Over most of the river’s course from New York to the start of the dredged channel north of Hudson the channel is of moderate depth, but in the Highlands- from Peekskill north to Cornwall- there is a lot of water, sometimes extending almost to the shoreline because of the mountainous nature of the area. At Anthony’s Nose, the depth reaches about 90 feet, and under the Bear Mountain Bridge we may find nearly 130 feet of depth.
In the region around West Point is where we may find the deepest point on the entire river. Between West Point and Constitution Island, in that part of the river called World’s End, a depth of 202 feet was recorded during one survey many years ago- and that is at mean low water during the lowest river stages.
A small steamboat- or “steam yacht” in river parlance- named Carrie A. Ward, built in New Baltimore in 1878, maintained a local service between Newburgh and Peekskill during the 1880s. In late July of 1882, she sank near Cold Spring and was raised. On Saturday, 29 July, she sank for a second time for reasons thus far unknown, again in the vicinity of Cold Spring. By Tuesday, 1 August, she had not been located. The Newburgh Daily Journal reported on that day under the headline “Is She Gone For Good?”:
“It is said that the river bed consists of rocks in the locality where she went down, and that the water is of varying depth. It may be fifty [feet] deep in one spot, and nearly twice that a few yards off. Some boatmen have doubts if the Carrie will ever be found. They say she may have settled into a hollow between some of the rocks and her presence may never be discovered.”

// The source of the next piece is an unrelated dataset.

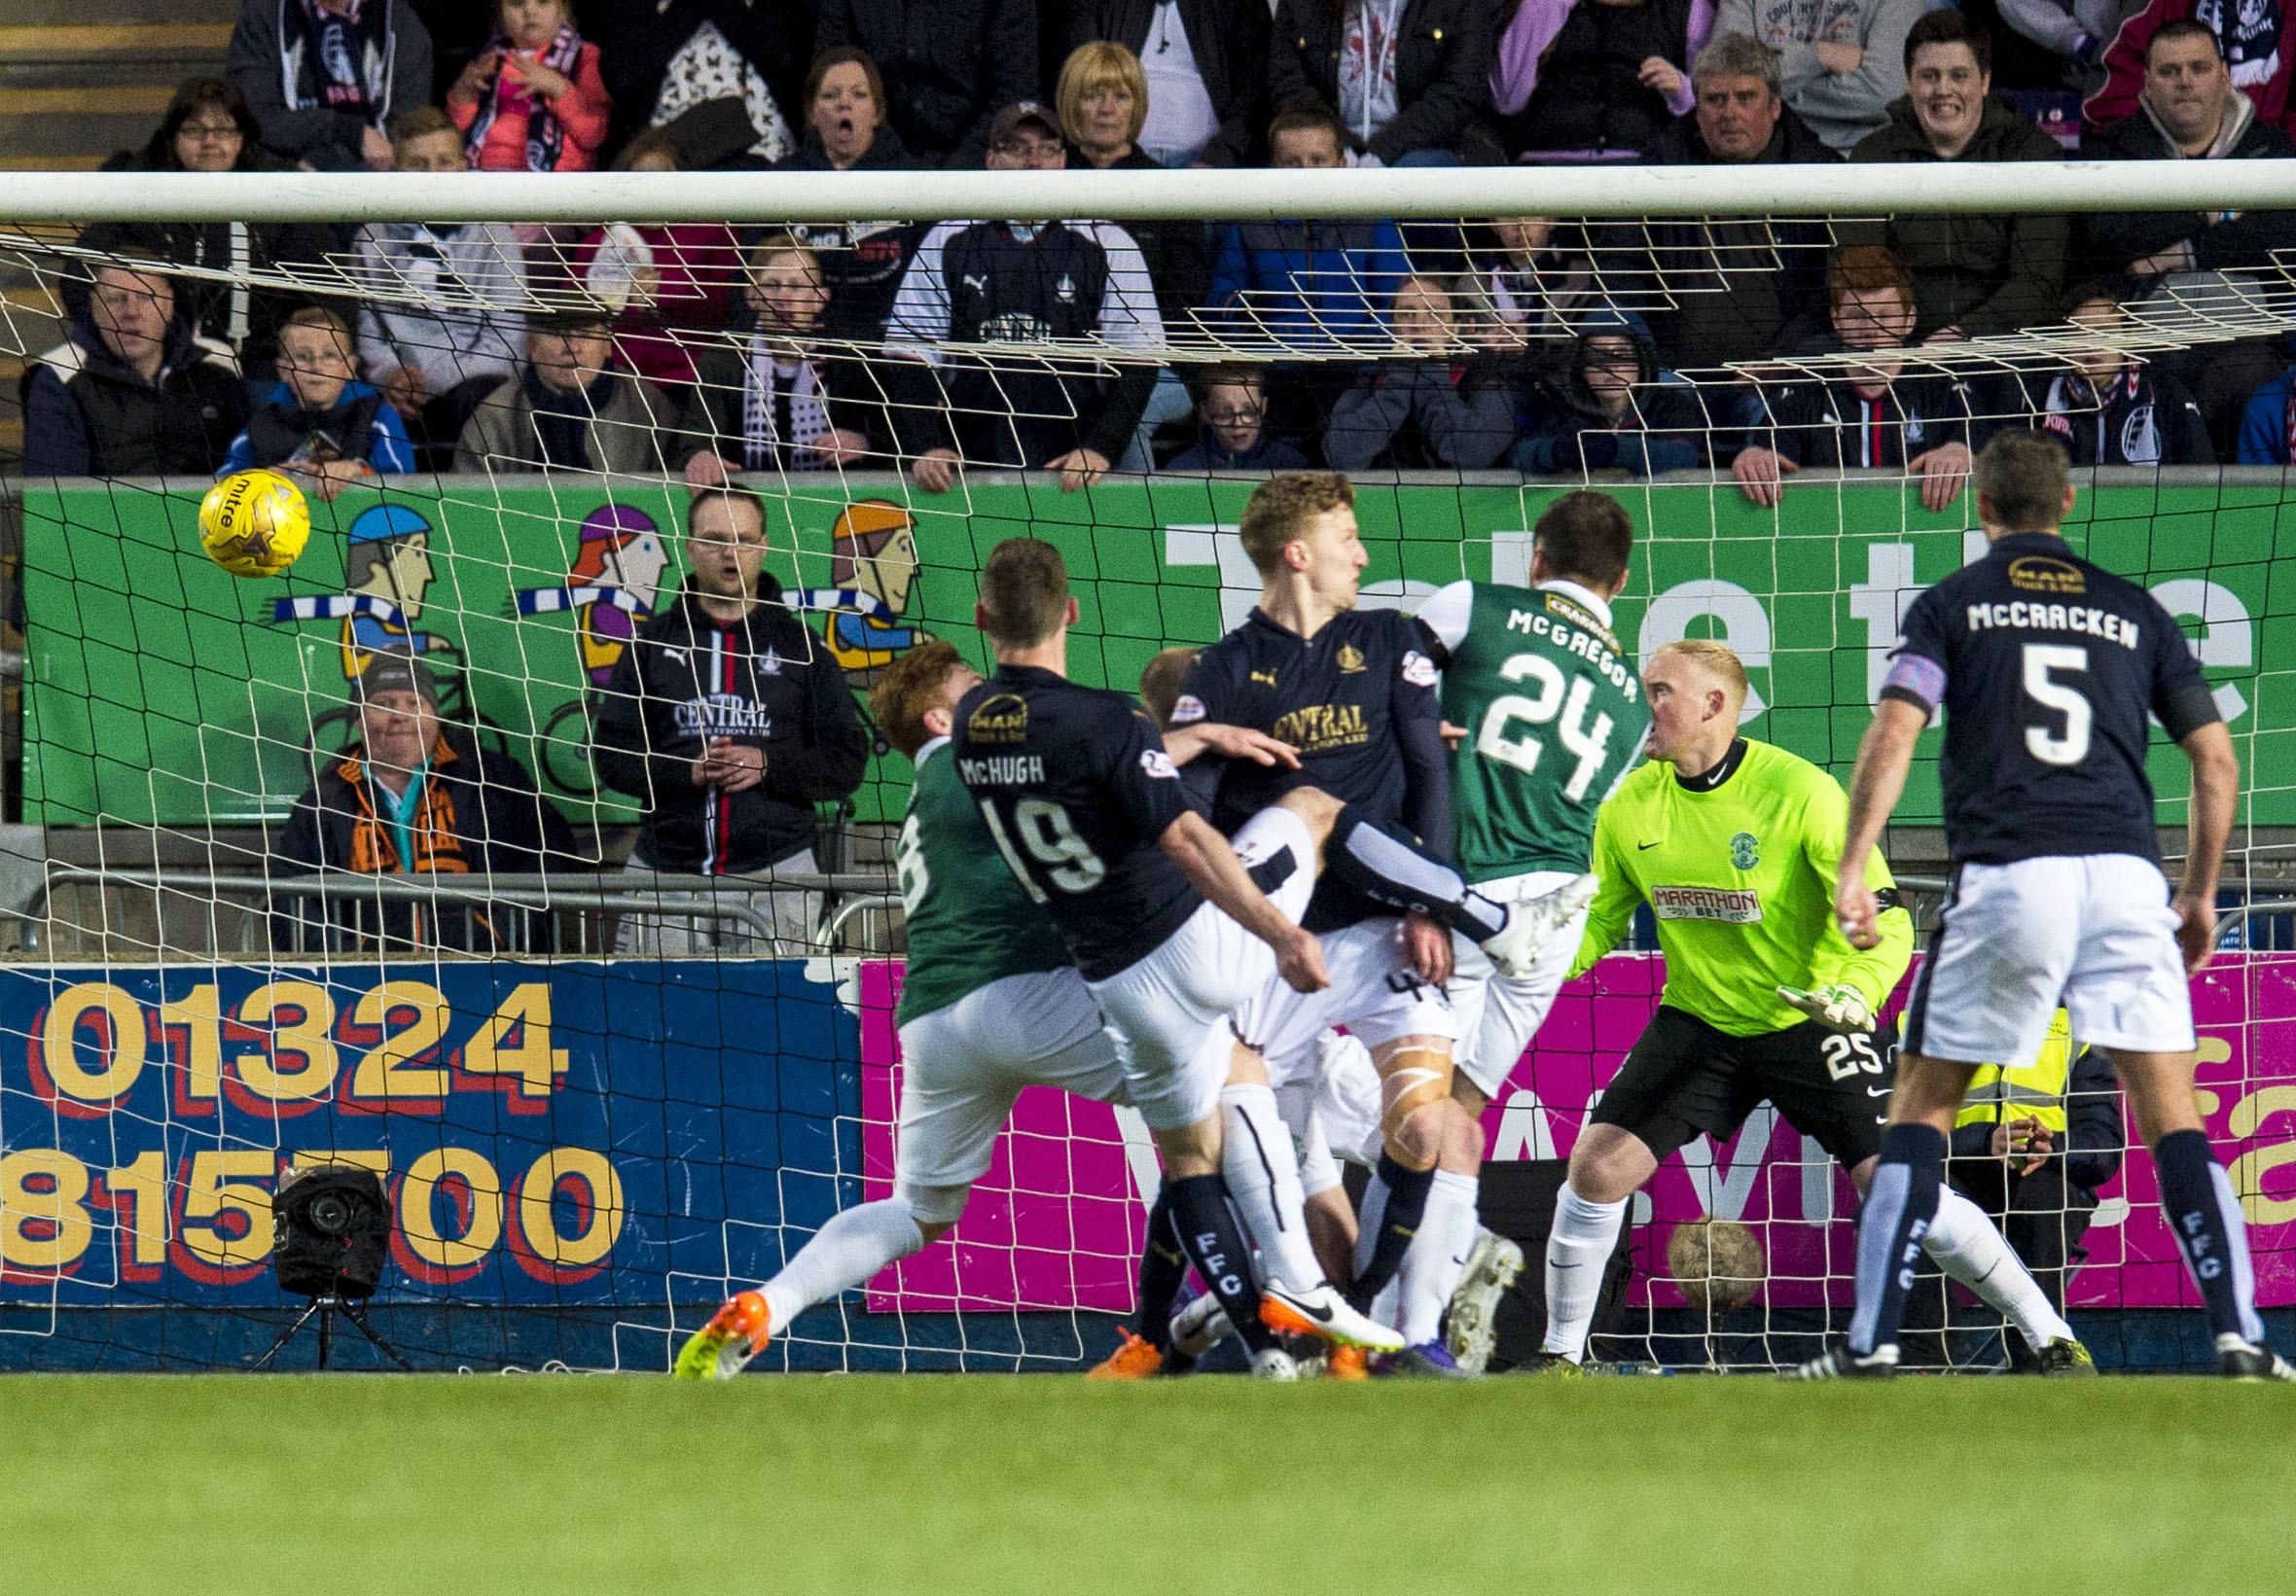 Falkirk's Bob McHugh scores his side's winning goal.

The situation was not quite as dire as the boatmen predicted. By the next day, she had been located in 60 feet of water. The Journal remarked, “Arrangements are under way to have the yacht raised again.” The Baxter Wrecking Company brought in their divers and equipment on 5 August, and in a short time, the Carrie A. Ward had been raised, repaired and back in service.
The Hudson hasn’t always been that kind to its vessels. There have been scores of sail and steamboats, barges and other craft that have sunk in the river never to be raised. We shall unfortunately never know the tales told by their crews.